January 15, 2021 – I was in the elevator heading to the parking garage when the elevator stopped and a person got on. We had quite a few floors to go. The other passenger asked me how my week went. I replied, “I think it went okay but I’m glad it’s Friday. How was your week?” He replied, “Glad it’s over.” He paused for a moment and then he said, “Some people are calling January the 13th month of 2020.” I said, ‘Yah, I can see that. A lot of people are stressed.” He nodded. We arrived at his floor. He turned to me and said, “Have a great weekend.” I replied, “You too.” And, with that, he stepped out of the elevator.
It’s the middle of January but it feels like I’ve lived, and experienced, a whole year in these past two weeks. Everyone I’ve talked to has the same feelings of stress and anxiety. I’m not sure why. We greet every new year as an opportunity to start fresh. We say good-bye to the crap and turn to 2021 with a hope that it’s all behind us. I remember the old adage “New Year – new you” and I’ve always wanted to believe that. But this year it has been different.
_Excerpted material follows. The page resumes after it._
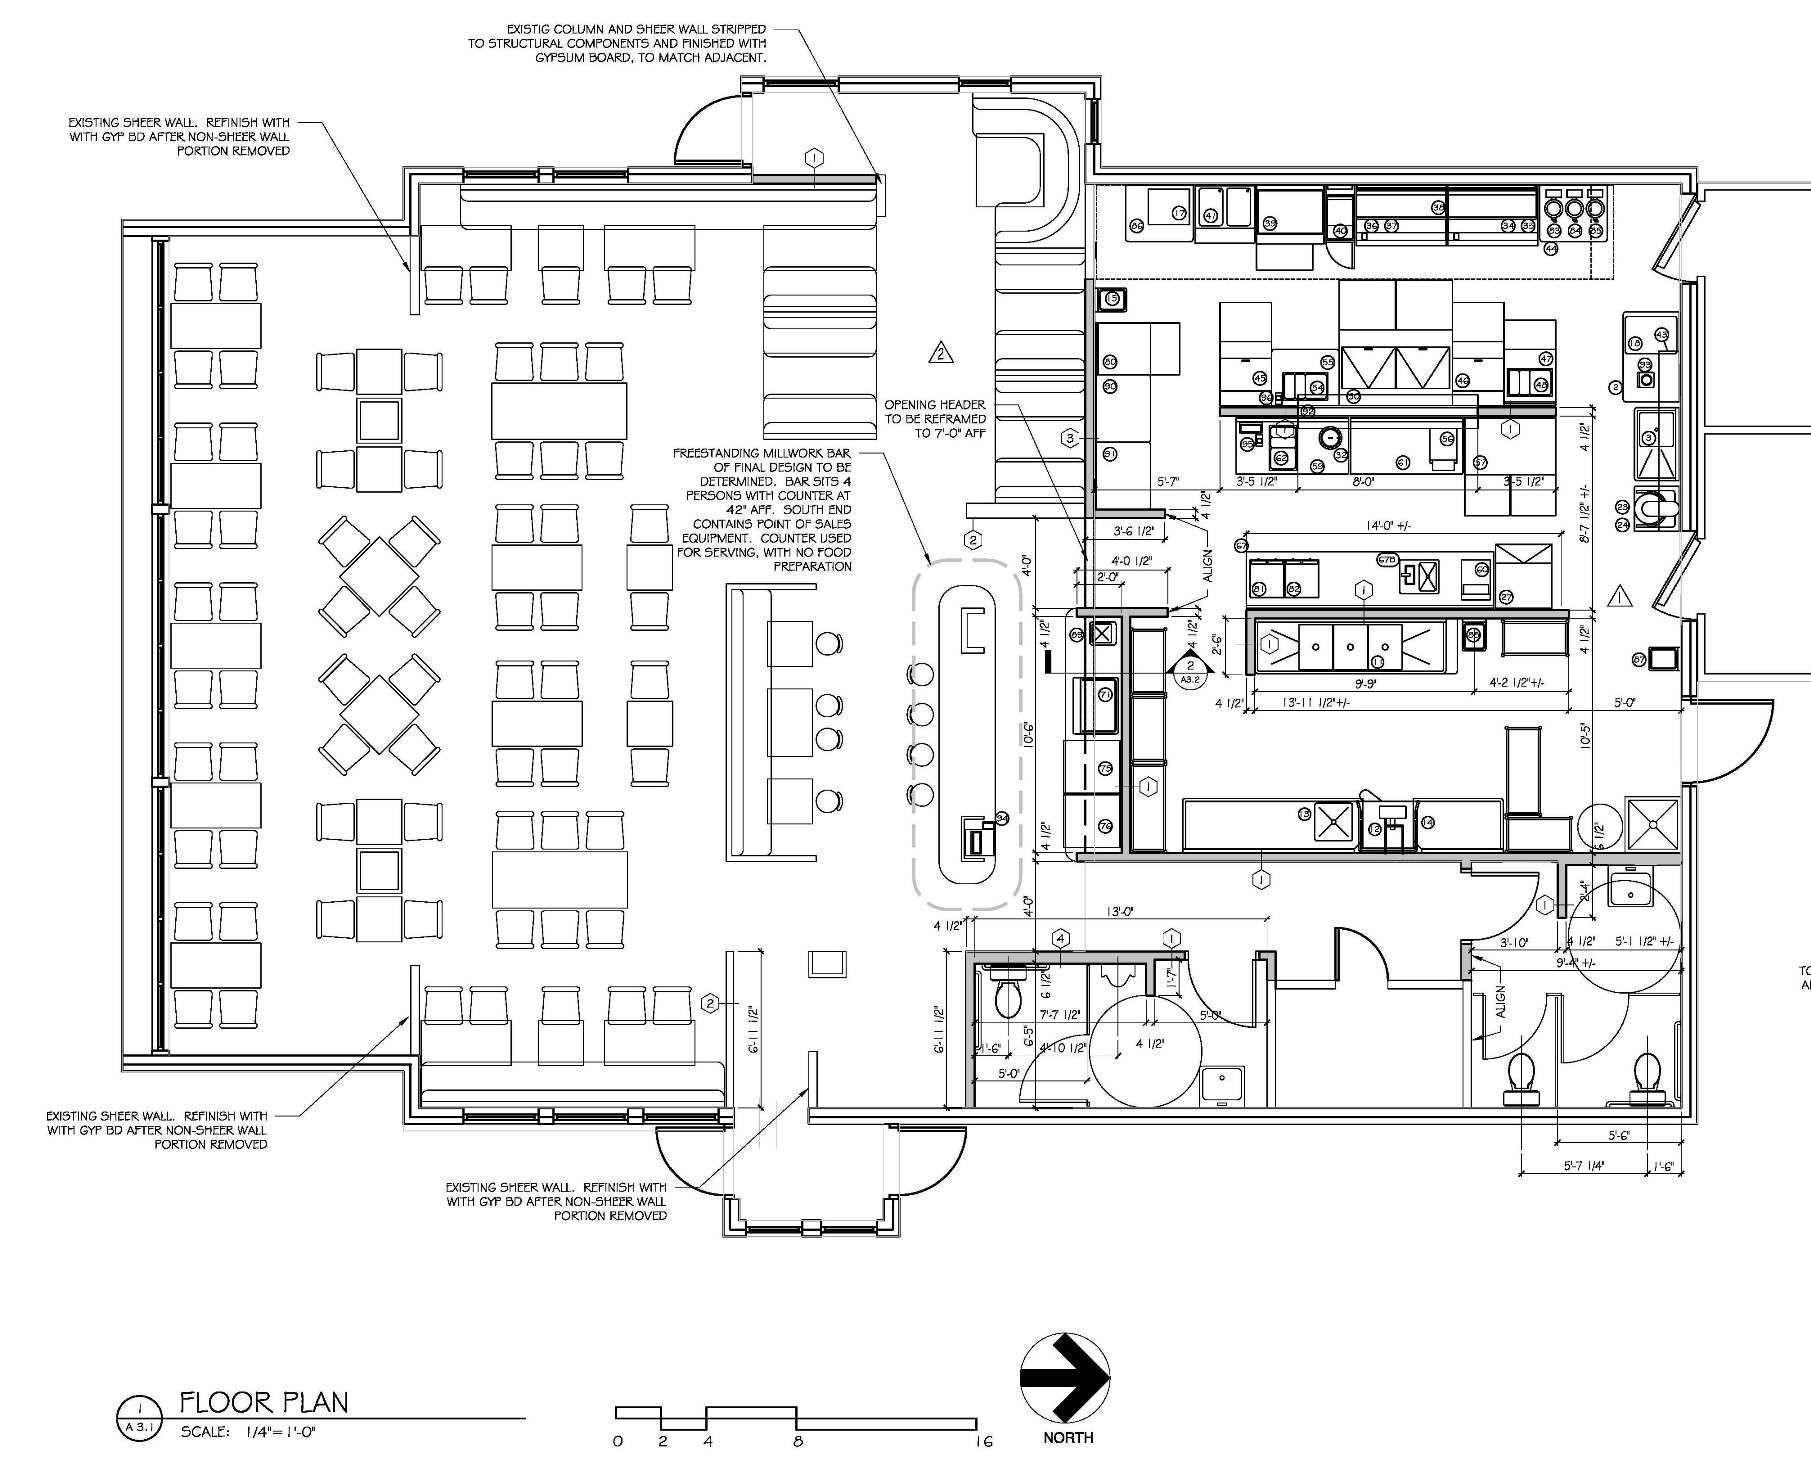 Restaurant Kitchen Layout Dimensions Design Home Design

We couldn’t just leave everything behind us this year. The pandemic, political unrest south of the border (and some here too), family matters, worries about how I’m going to make it to retirement. The list goes on. So that stopped me, and probably a lot of others, from mentally starting a new year as a “new you”.
I greeted the new year with optimism, positivity, and, yes, gratitude. It took a couple of days for the shiny optimism to start to tarnish. By mid-week of the second week. I was in a rut that felt deeper than any rut I had been in in 2020.
On my drive home, I stopped at the post office to pick up my vision board poster. When I walked into the apartment, I dropped the package on the couch – leaving it until later. I went about my routine, wiping down the door and keys, dropping my used mask on top of the washer, emptying my lunch bag, and placing the re-usable containers into the dishwasher. I checked on Mom to see how she was doing and what she wanted for dinner. After a brief chat, I went into the bedroom and changed out of my work clothes. I walked back into the living room and saw the poster. I picked it up and returned to my bedroom – planning on getting it out of the way. I’d deal with it later. I sat down on the bed; holding the poster in my hands. Was that man right? Was it really the 13th month? Would I ever say good-bye to 2020 and all of the negativity I felt? I sat there, listening to the noise of the traffic from outside. I removed the poster from the package and looked at what I wanted to accomplish in 2021. Was it realistic? Was it do-able? I decided that I would say good-bye to the 13th month of 2020 and say hello to the first month of 2021. I walked into my closet and pinned the poster to the wall. I read my affirmations aloud. I nodded and walked out of the closet, ready to put my best self forward.